LMPTHW ex33: Parser.expression() returns Production and/or Tokens

I’m doing my own implementation of the Parser.expression() grammar from ex33 of LMPTHW.

I’m noticing that, unlike all the other grammars which only return Productions, the Parser.expression() grammar may return either a single Token (of NAME or INTEGER type) or an Expression Production. This appears to depend on whether or not the expression contains an operator (ie PLUS).

Understandably, the simplest expression is a single variable or number, but it might be confusing later when we have to analyze both Token and Production objects in the Parser’s output. Wouldn’t it be better to come up with an Expression Production class for consistency? I’ve never built an analyzer, so I don’t know what makes more sense. I’m just thinking ahead.

Here is the sample code from the book:

def expression(tokens):
    """expression = name / plus / integer"""
    start = peek(tokens)
    if start == 'NAME':
        name = match(tokens, 'NAME')
        if peek(tokens) == 'PLUS':
            return plus(tokens, name)
            return name
    elif start == 'INTEGER':
        number = match(tokens, 'INTEGER')
        if peek(tokens) == 'PLUS':
            return plus(tokens, number)
            return number
        assert False, "Syntax error %r" % start

I should mention that the Parser.plus() grammar returns a Production instance.

In the Parser none of the functions should return tokens as their job is crafting the right Production. One thing I see here is you’ve got a module function rather than a class. If you have a class it’s a bit easier to work this as you can keep calling each function and then keep the state in self.tokens.

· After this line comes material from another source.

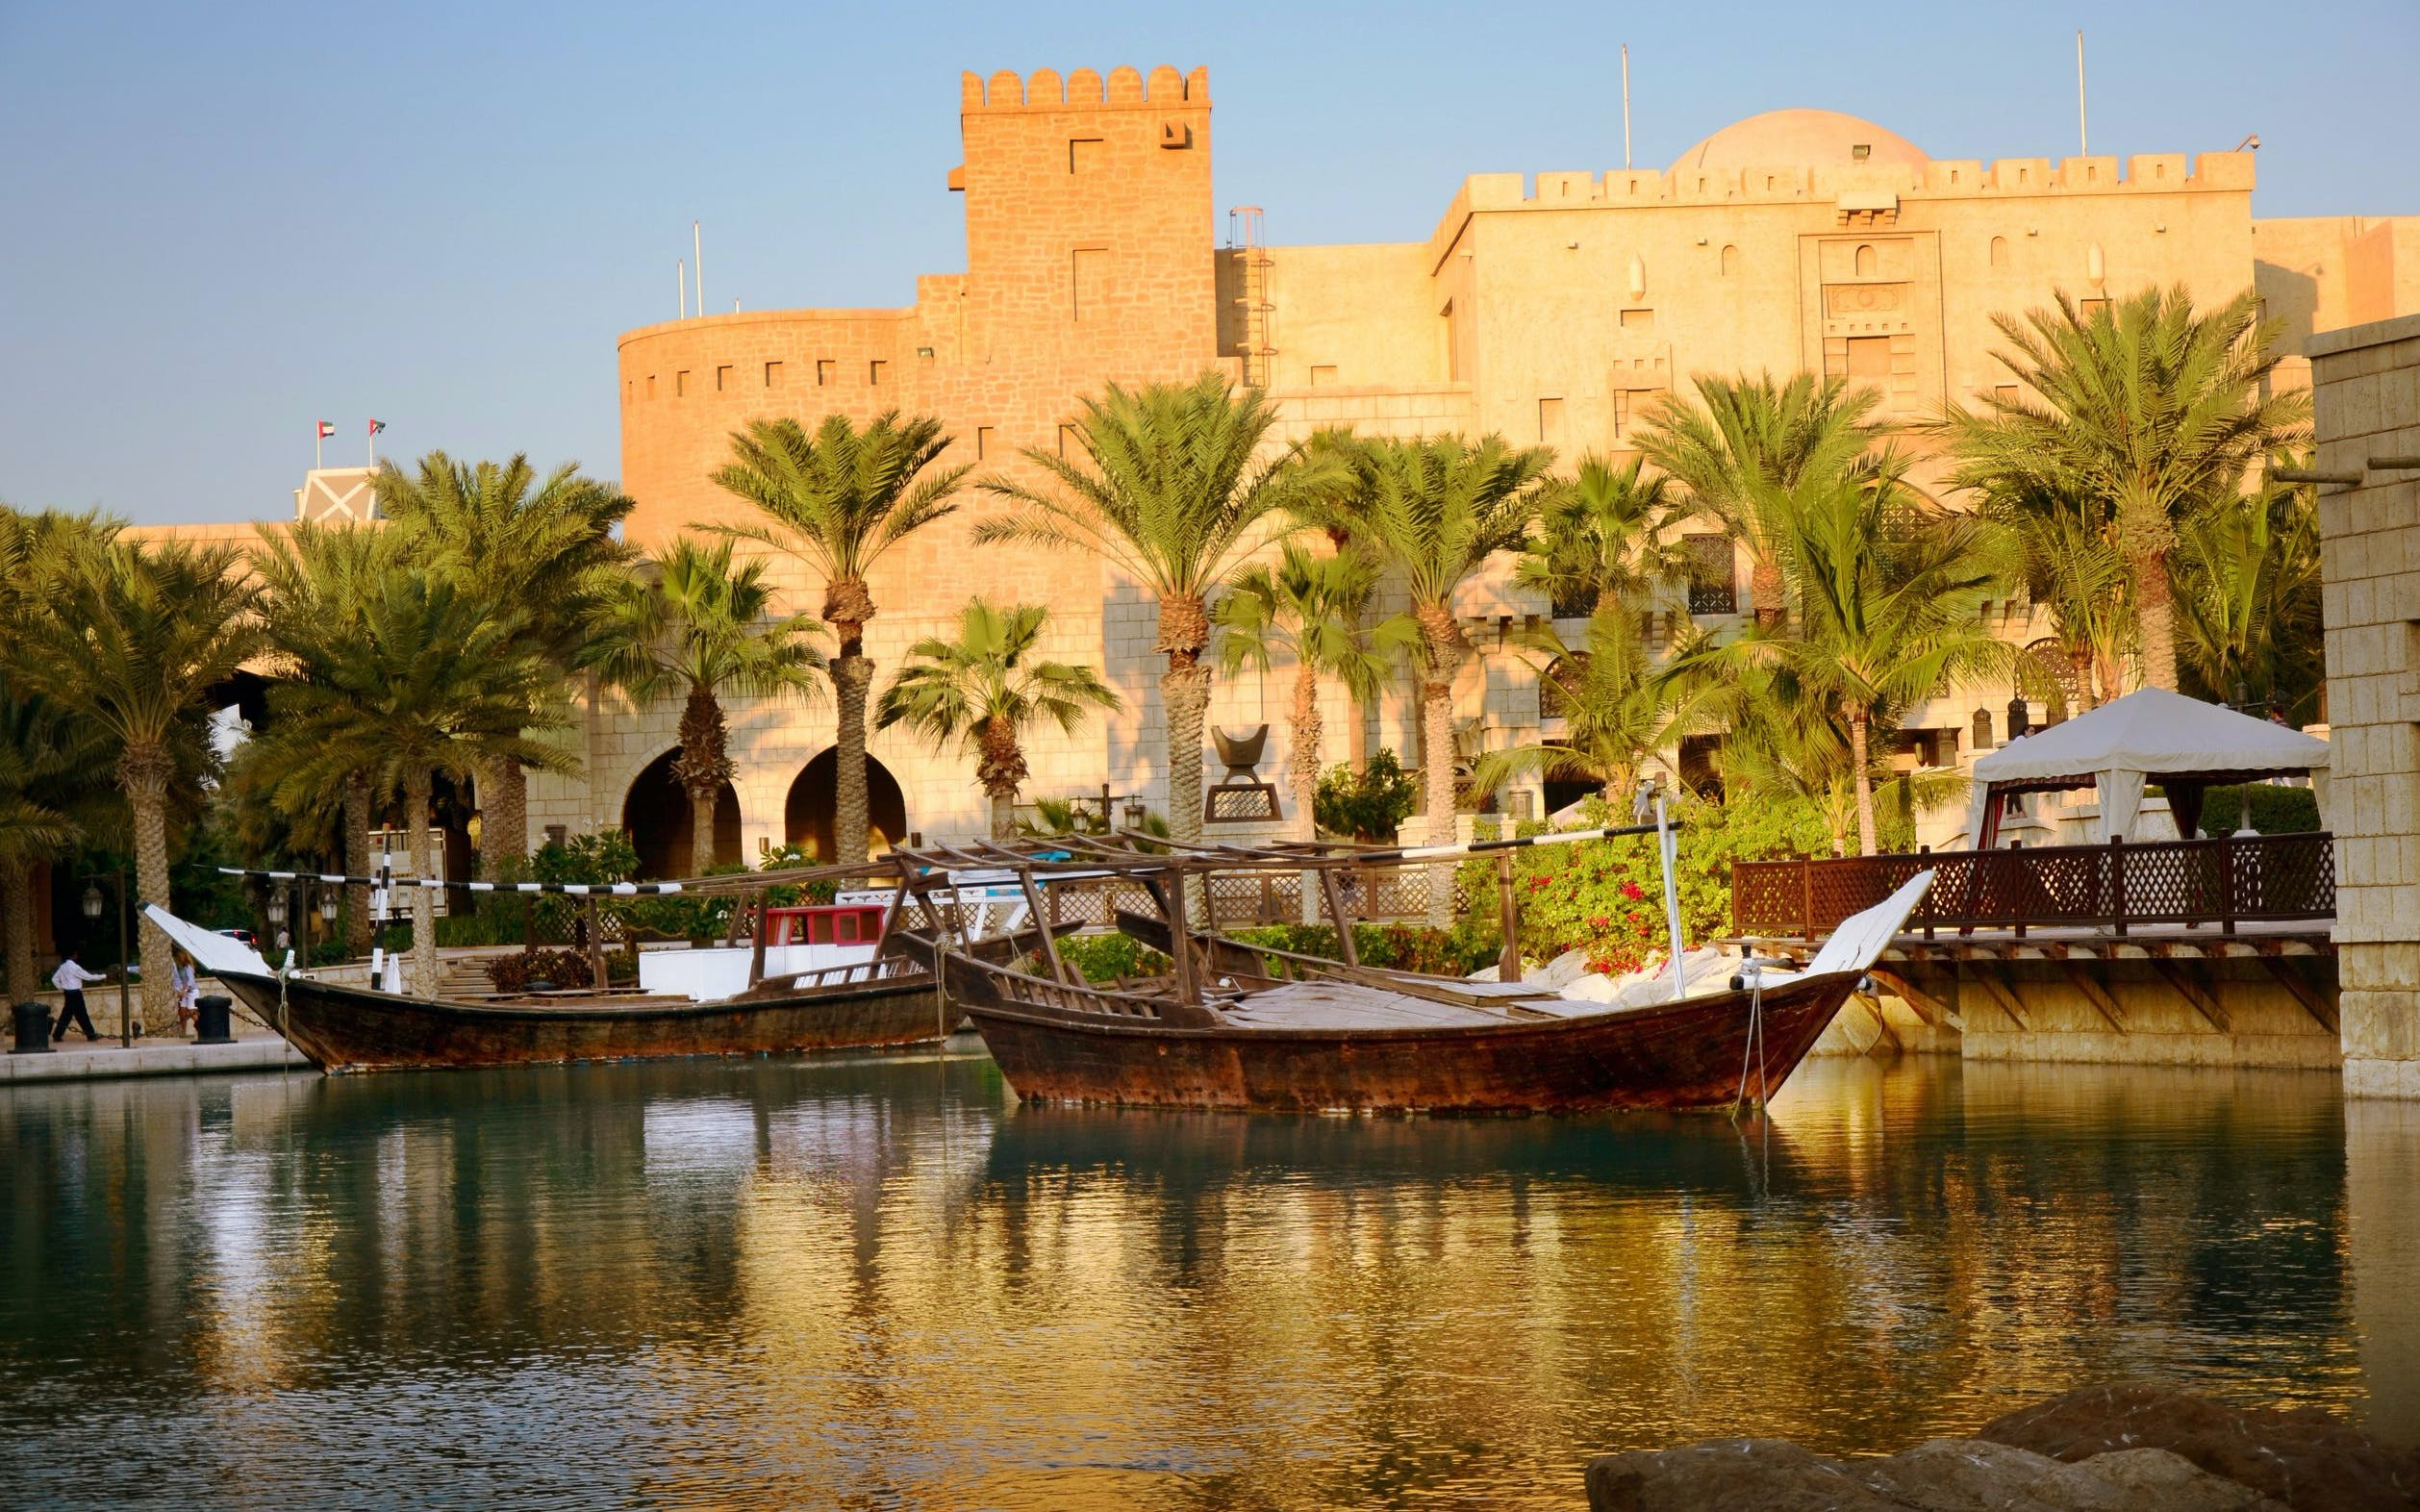 Best dhow cruise in Dubai - Dubai Creek sightseeing

But, I think the best clue for you is this:

Expression is recursive, in that it matches one side of an expression, and then calls itself for the other side. So if you have x = y + 100 then you you call expression on y + 100, that matches the y, the +, which tells you that the right side needs to be handled. Well that can be another expression so just do expression(100) and you’re done. This can then handle complex things like y + (x - j * 100) when you get more advanced.

Then, I’d assert that expression can never return a token as that’d be a bug. Also, capitalize your classes.